As we age, the tiniest blood vessels in our bodies become damaged, wither and die, and our arteries harden and become less pliable. When this happens the blood flow to organs and tissues is reduced, leading the way to many diseases: cardiovascular, neurological, muscle-wasting frailty, and even aging itself.

Three studies published in 2018 all show that several cardiovascular diseases stemming from vascular aging may be reversed by stimulating the activation of a group of proteins known as sirtuins. These sirtuins are activated by boosting a molecule called NAD+ through another precursor molecule called NMN (nicotinamide mononucleotide) that is ingested as a supplement.

Let's review each of the three studies to see how NMN was tested to improve NAD+ and sirtuins, potentially resulting in the repair of damaged blood vessels.

March 2018 Study

A study lead by Dr. David Sinclair’s lab at Harvard Medical School and published in March 2018 showed that the vascular aging process can be reversed in mice, setting the stage for radical new therapies to help people age better. This study has unraveled the cascade of interactions between blood vessels and muscles.

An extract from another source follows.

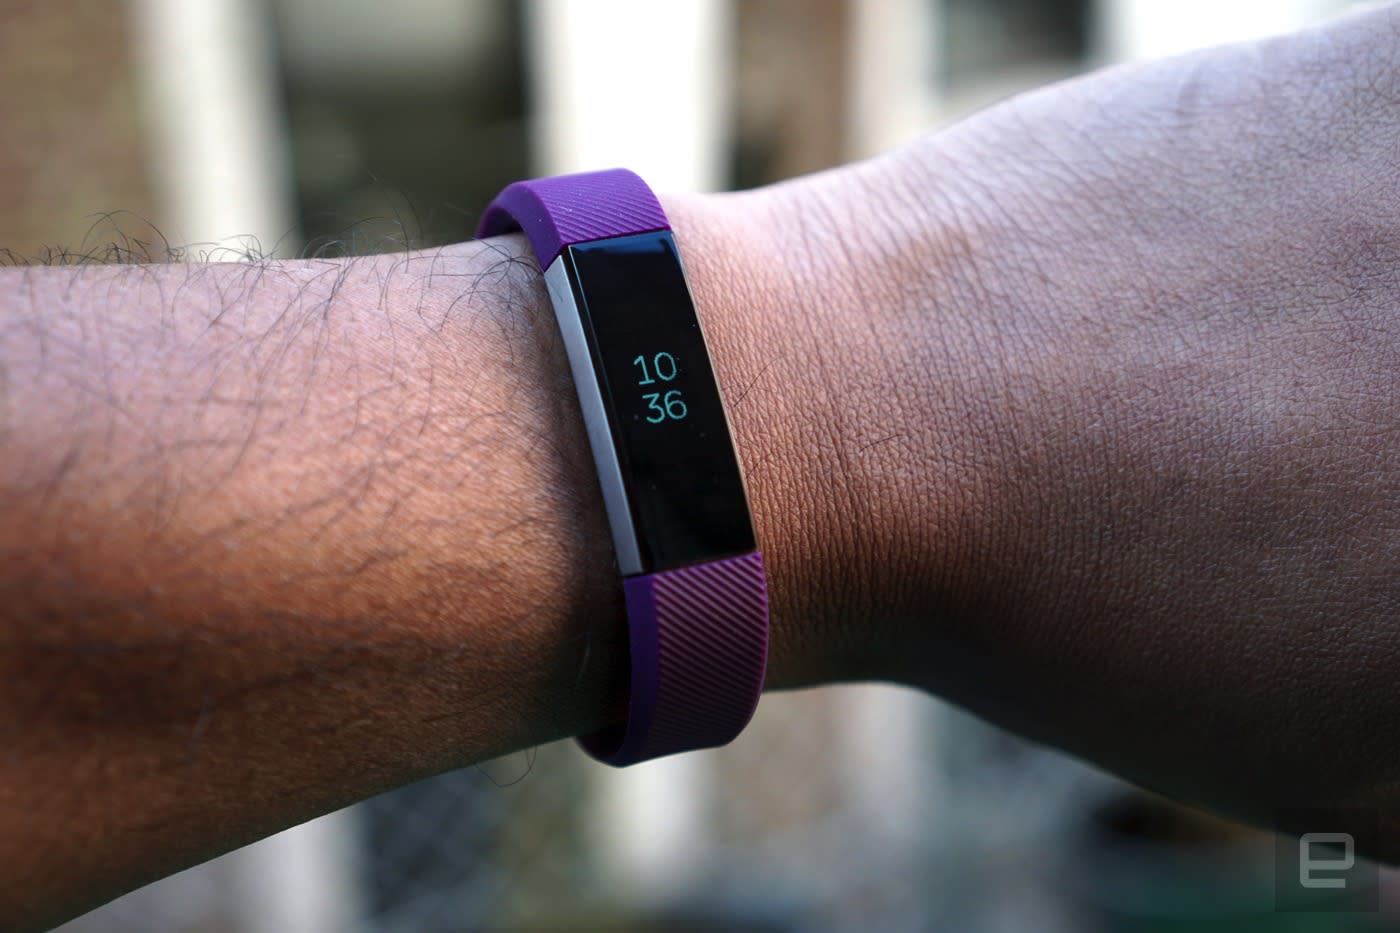 Fitbit's lead in the wearable world shrinks due to newcomers

Endothelial cells, which line the walls of blood vessels, are essential for the health and growth of the blood vessels. As endothelial cells age, blood vessels get damaged. They begin to atrophy and die, blood flow to many parts of the body diminishes, and organs and tissues begin to function poorly.

Damaged blood vessels hit muscles especially hard because muscles rely on a robust supply of blood for their function. Blood vessel atrophy can be slowed down with regular exercise, but not eliminated. At some point, even exercise fails to stave off damaged blood vessels and muscle loss.

What was learned in this study was how aged and damaged blood vessels become desensitized to the signals from exercise muscle. This actually leads to these muscles shrinking as we get older. We then are less able to exercise and grow new blood vessels.

The two key players in the cross-talk between blood vessels and muscles are a molecule called NAD+ and a protein called SIRT1 (or sirtuin 1). NAD+ boosts SIRT1, which in turn enables the conversation between muscles and damaged blood vessels.

In a series of experiments, the Harvard team found that reduced blood flow develops as endothelial cells start to lose a critical protein known as SIRT1. Previous studies have shown that SIRT1 delays aging and extends life in yeast, fruit flies, and mice.

SIRT1 loss is, in turn, precipitated by the loss of NAD+, a key regulator of protein interactions and DNA repair that was identified more than a century ago. Previous research by Sinclair and others has shown that NAD+, which also declines with age, boosts the activity of SIRT1.

The problem is that both NAD+ and SIRT1 decline as we age, gradually becoming less capable of performing their role as the interface between the muscles and blood vessels.

In the attempt to increase NAD+ and SIRT1, the researchers gave mice NMN, a chemical compound commonly found in the body and previously shown to boost NAD+ levels, which in turn augments SIRT1.

Here's what NMN did to the mice:

  • They had better endothelial function.
  • Their blood vessels grew.
  • The blood supply to their muscles improved.
  • These animals’ capacity for exercise improved dramatically. The old mice treated with NMN had up to 80% greater exercise capacity compared with mice not consuming NMN.

Watch Dr. David Sinclair summarize his 2018 study in the video below. He ends with this:

"These results, I believe, can help millions of people who have lost their mobility or simply can no longer exercise, either through frailty, disability or old age. This sets the stage for new medicines that will be able to restore blood flow in organs that have lost it either through a heart attack, a stroke or even in patients with dementia."

Rewinding the clock on aging blood vessels from Harvard Medical School on Vimeo.

According to Harvard Medical School, Dr. Sinclair’s research team’s ultimate goal is to replicate the findings and, eventually, move toward developing small-molecule, NMN-based drugs that mimic the effects of exercise — enhanced blood flow and oxygenation of muscles and other tissues. Such therapies may even help with new vessel growth of organs that suffer tissue-damaging loss of blood supply and oxygen, a common scenario in heart attacks and ischemic strokes. [1]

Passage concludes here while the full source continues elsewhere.